An important goal of plant ecology is to separate the key dimensions of ecological variations across species and then to understand how and why they function and vary between species. For example, the widely used LHS scheme of Westoby propose that each dimension of LHS vary widely between species at any given level of the other two, but it is not sufficient to describe the main axes of trait variation of temperate woody species (Westoby, 1998). Therefore, investigating the correlation of trait characters in different plant clades will provide a sound basis further our understanding of the evolution of functional characters among plants (Pierce et al., 2014; Reich et al., 1999; Tjoelker et al., 2005). However, to our knowledge, no study has so far investigated plant trait variation across different clades, especially using large datasets in the context of LHS scheme and phylogeny.

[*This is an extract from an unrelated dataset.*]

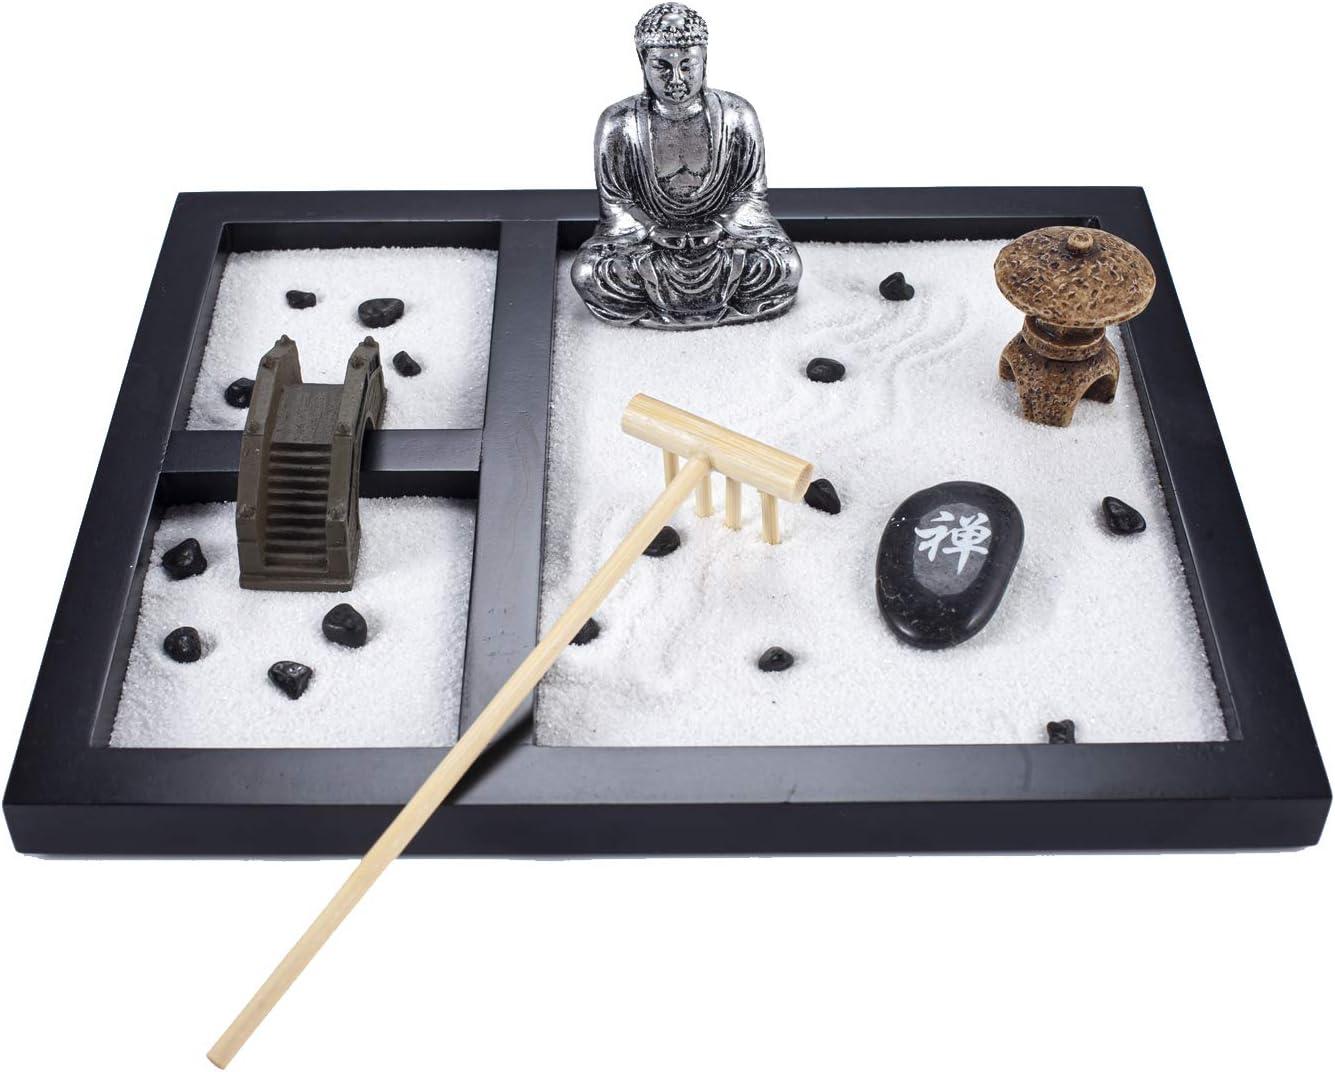 YJ Buddha Statue Meditation Zen Garden Table Décor Kit with Accessories GR019

Consequently, it is still highly uncertain whether traits of different plant clades will fit a specific LHS scheme. Or, do all plant species within a specific clade support a plant ecological strategy scheme (LHS)? Although several authors have investigated LHS scheme within each clade such as palms, angiosperms, gymnosperms, annuals, perennials, herbaceous or woody plants (Cámara-Leret et al., 2017; Falster & Westoby, 2005; Kawai & Okada, 2020; Laughlin et al., 2010), but to our knowledge no study has so far used large datasets to investigate correlations of plant traits across different plant clades (i.e., palms, other monocots, dicots, and gymnosperms). We addressed these questions by conducting a meta-analysis of functional traits (plant height, leaf size, and seed mass) from four plant clades, i.e., palms, other monocots, dicots and gymnosperms with contrasting growth forms. The primary aim of the current study was to understand if and how the different plant clades are coordinated along the plant ecological strategy scheme. Specifically, we first used phylogenetic generalized linear mixed models (PGLMM) and partial R2lik logistic regression model, to explore how potential forces drive variation in plant traits between different clades, so as to better understand evolution and correlation between functional traits among sets of plant species (Zheng et al., 2009). We expected that each clade of plant species will share the same plant ecological strategy scheme, while LSH scheme would differ across different plant clades.